Leucocoprinus acer

Scientific classification
- Kingdom: Fungi
- Division: Basidiomycota
- Class: Agaricomycetes
- Order: Agaricales
- Family: Agaricaceae
- Genus: Leucocoprinus
- Species: L. acer
- Binomial name: Leucocoprinus acer Raithelh. (1988)

= Leucocoprinus acer =

- Authority: Raithelh. (1988)

Species of fungus

Leucocoprinus acer is a species of mushroom producing fungus in the family Agaricaceae.

== Taxonomy ==
It was first described in 1988 by the mycologist Jörg Raithelhuber who classified it as Leucocoprinus acer.

== Description ==
Leucocoprinus acer is a small white dapperling mushroom. Raithelhuber only described the species from a dried specimen and an illustration deposited at the herbarium of the University of Buenos Aires a decade earlier so the description may be incomplete.

Cap: 1.5-2.5 cm wide when mature, it starts hemispherical before expanding to convex. The surface is very pale, whitish with a shiny (micante), powdery (pruinose) coating whilst the centre disc has a pale red ochre colour (described as 'sinopicus' in the Latin description which refers to the pigment from Sinop, Turkey) or light chestnut brown in the German description. Stem: 3.5-4.5 cm long and 2-4mm thick with a base that is not bulbous or only slightly bulbous, cylindrical. The Latin diagnosis describes the surface as pale (presumably whitish though not explicitly specified) with a red ochre colour at the base whilst the German only says that the stem is light chestnut brown. A stem ring is present and 'distinct' but no further details are supplied. Gills: White, moderately crowded (subconfertae) with the attachment described as sinuate to subfree. This would be unusual for a Leucocoprinus species as they are typically free with a collar. Spores: Subglobose or ovoid, smooth with an indistinct germ pore that is not detectable in some spores. Weakly dextrinoid. 8.8-10 x 6.5-7.2 μm. Cystidia: Claviform or truncated. Taste: bitter.

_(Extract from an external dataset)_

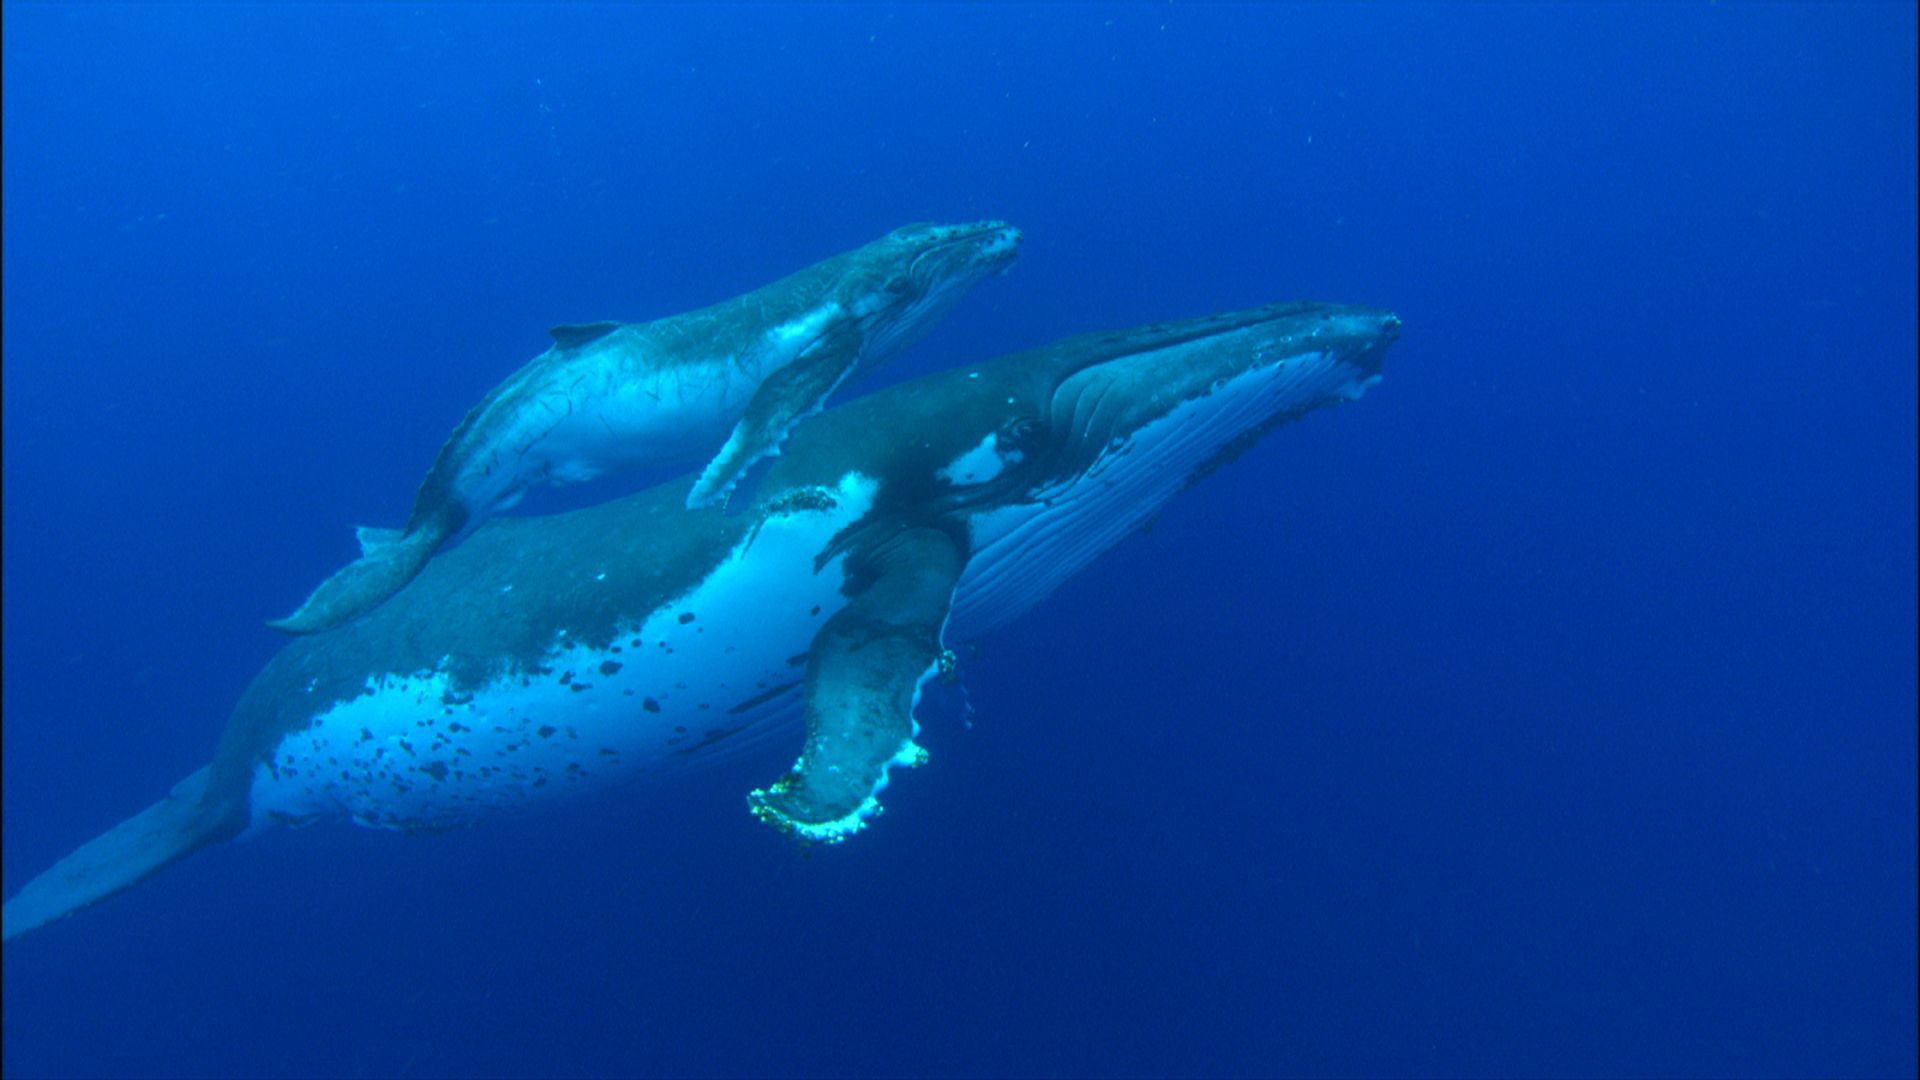 ballena azul fondos de pantalla hd,mamífero marino,biología marina,azul,delfín,submarino

Since many Leucocoprinus species can exhibit a change of colour when dry and as no fresh material was examined to describe this species it is possible that this species may present with different colouration when fresh.

== Etymology ==
The specific epithet acer is Latin for bitter and the species is presumably named for the taste noted in the description, however a bitter taste is not unique to this Leucocoprinus species.

== Habitat and distribution ==
The specimens studied by Raithelhuber were found in Temperley, a district in Greater Buenos Aires, Argentina in 1972. They were observed to be growing in large groups in the morning.